Classically trained musicians often have a problem with improvisation because they are so schooled in the "right" way to play, and generally only perform with written pieces, so they tend to play what is expected in any given situation.

Horses for courses I suppose.
 

Duckenheimer

Senior Member
I was not suggesting being able to read drum music was a bad or negative thing, merely that it would not have improved the style of some well known individuals.

If you want to be a session drummer you will have to sight read, but that is another ball game altogether.

Classically trained musicians often have a problem with improvisation because they are so schooled in the "right" way to play, and generally only perform with written pieces, so they tend to play what is expected in any given situation.

Horses for courses I suppose.
Sure, though I would bet there's a greater number of well known individuals whose style WAS improved by this tremendous advantage in developing very wide listening and vocabulary skills, particularly those who innovated on the instrument.

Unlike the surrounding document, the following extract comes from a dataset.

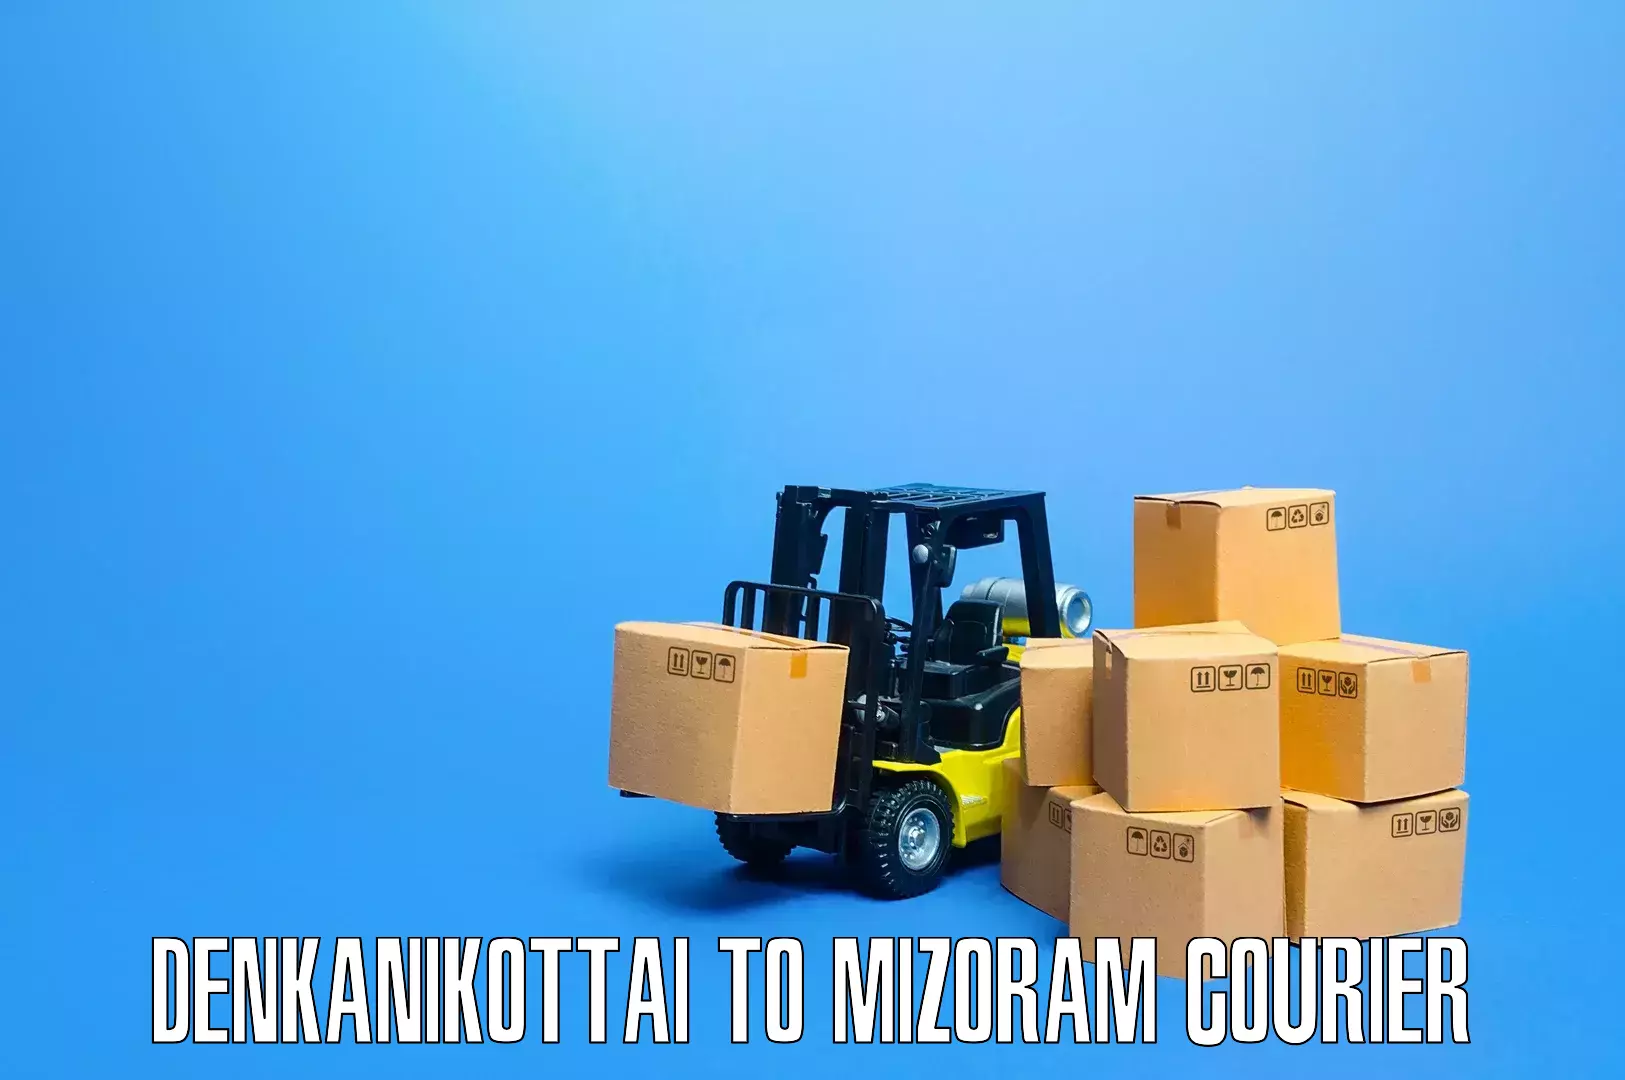 Specialized home movers Denkanikottai to Mamit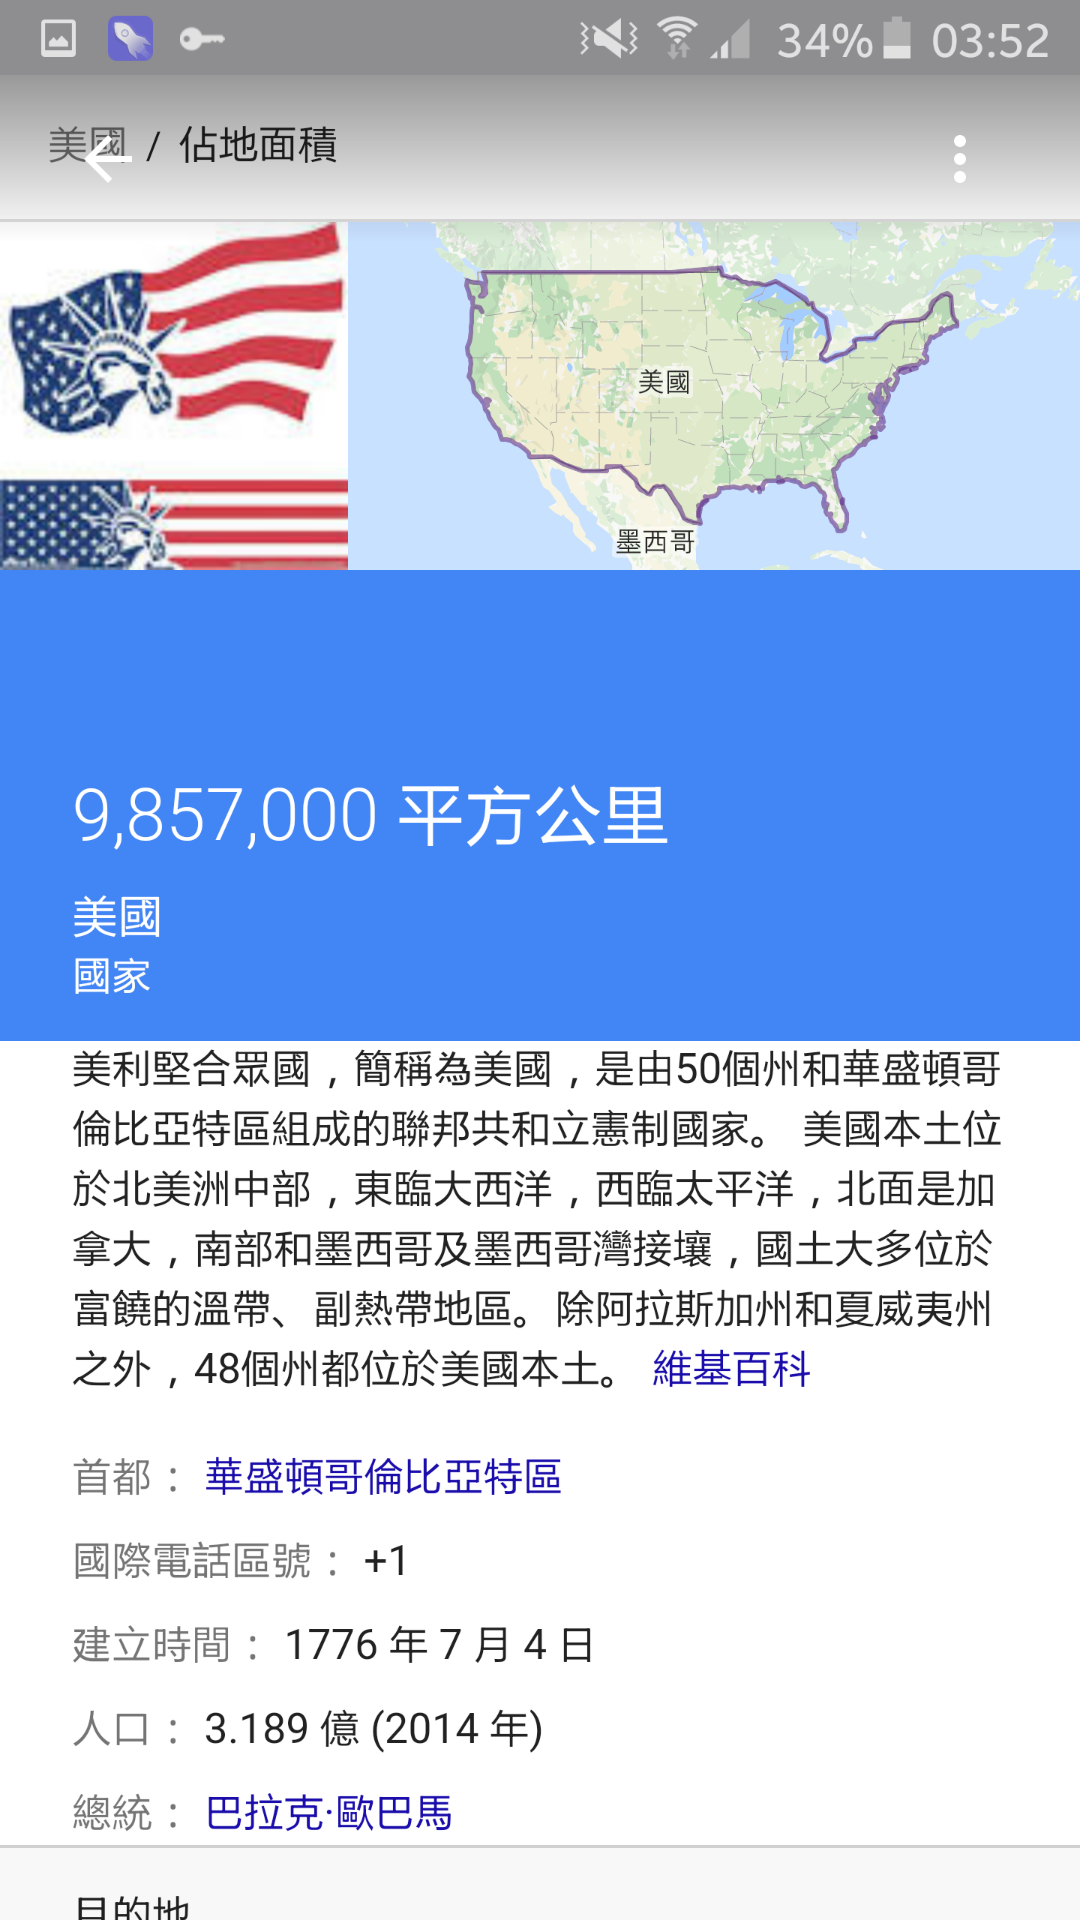 中国和美国哪个的领土面积大? - 小明的回答

And what I was saying that being able to read on a high level is a huge advantage for people wishing to be different and develop their own style.

It's not the only advantage for that of course, and as with the classical example it won't function that way when completely isolated from other factors, but it is a tremendous one.
 

Thud

Senior Member
Certainly at the pub gig level there are a lot of people who cannot read music and are proud of that fact. They point to the fact that many successful musicians could not read music. But I can't believe that people who are doing it professionally can do so without any understanding of notation!
I learned to read very basic music at infants school. We had a little band and guess what? They gave me a drum! So we had this big wall chart with a staff and lots of blobs and when you saw your blob coming up you hit the drum. I was hooked.
I have progressed from there but I can't sight read. The only reading I do is from exercises and people's notes on here. I don't play from sheet music although many people do. I just don't need to work at sight reading but I can pick apart most music and play it back.

Drum notation is not hard to learn. I think people who don't bother are being a bit lazy. There are only a handful of basic symbols to learn at the beginning and you can go a long way with them.
Also if you always do exercises from a written page then the constant repetition helps you to become fluent. That's all it is really ... practice! That's what learning the drums is about too. Practice and more practice.